Hyperparameter Search using Genetic Algorithm for Surrogate Modeling of Geophysical Flows

TL;DR

This paper presents a genetic algorithm approach to automatically optimize hyperparameters and architecture of LSTM neural networks for surrogate modeling of geophysical flows, reducing manual trial-and-error.

Contribution

It introduces a genetic algorithm-based method for automatic hyperparameter and architecture optimization of neural networks in geophysical flow modeling.

Findings

Genetic algorithm effectively optimized LSTM hyperparameters.

Improved surrogate model accuracy for sea-surface temperature.

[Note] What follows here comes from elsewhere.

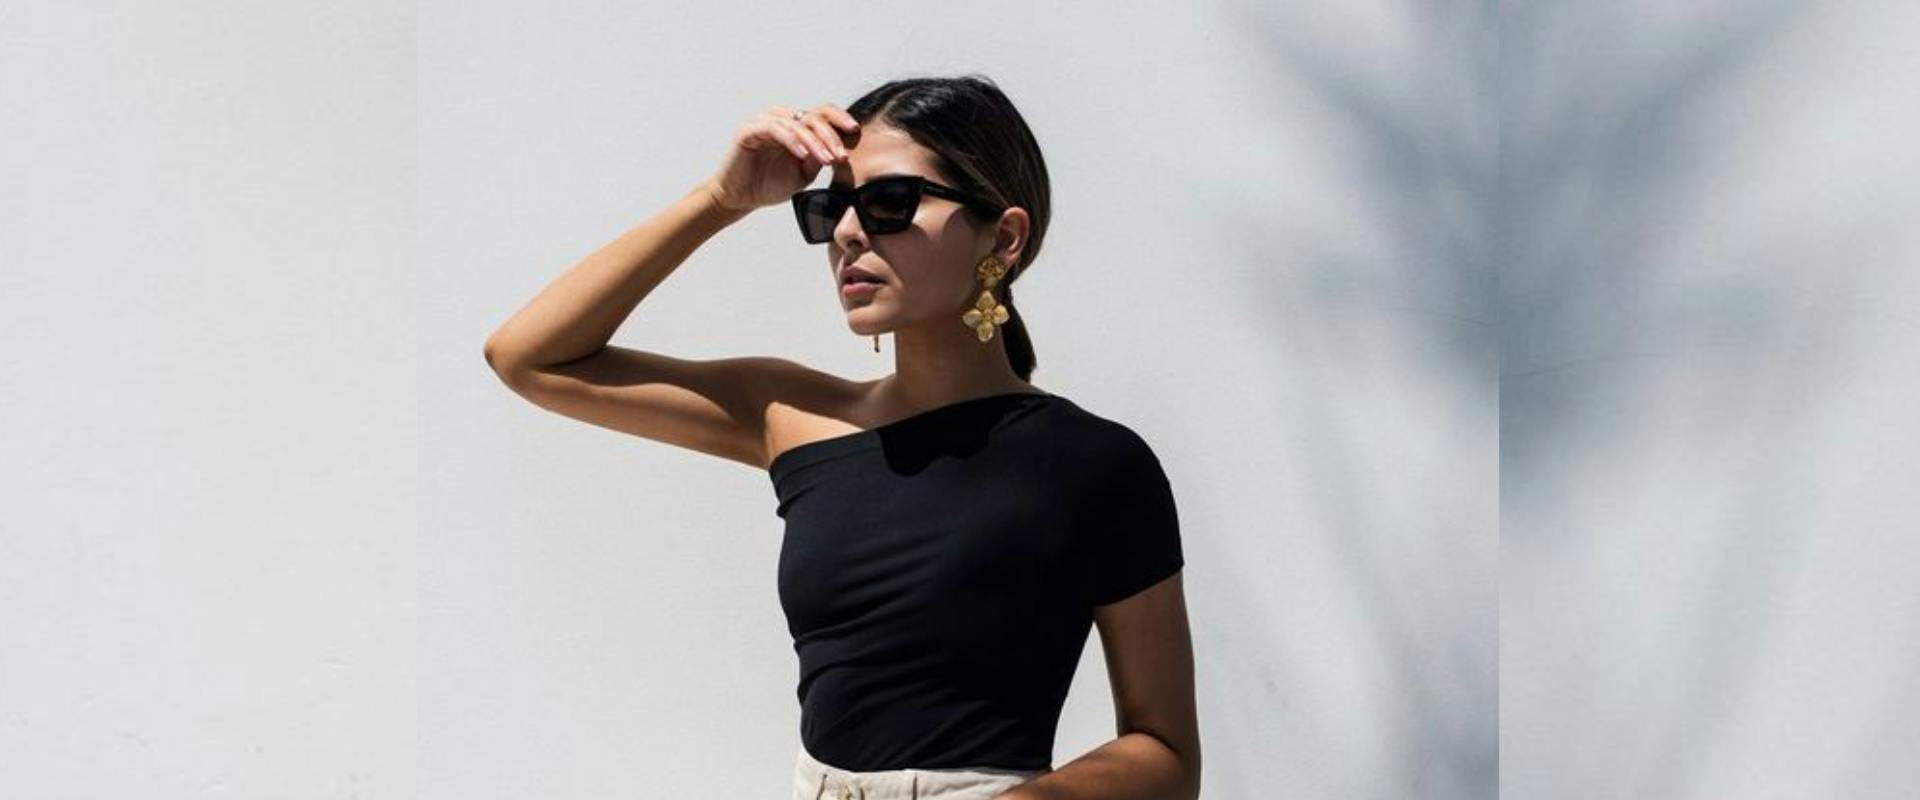 person human sunglasses accessories accessory clothing apparel female

Reduced manual effort in neural network design.

Abstract

The computational models for geophysical flows are computationally very expensive to employ in multi-query tasks such as data assimilation, uncertainty quantification, and hence surrogate models sought to alleviate the computational burden associated with these full order models. Researchers have started applying machine learning algorithms, particularly neural networks, to build data-driven surrogate models for geophysical flows. The performance of the neural network highly relies upon its architecture design and selection of other hyperparameters. These neural networks are usually manually designed through trial and error to maximize their performance. This often requires domain knowledge of the neural network as well as the problems of interest. This limitation can be addressed by using an evolutionary algorithm to automatically design architecture and select optimal hyperparameters of the neural network. In this paper, we apply the genetic algorithm to effectively design the long short-term memory (LSTM) neural network to build the non-intrusive reduced order model of the sea-surface temperature field.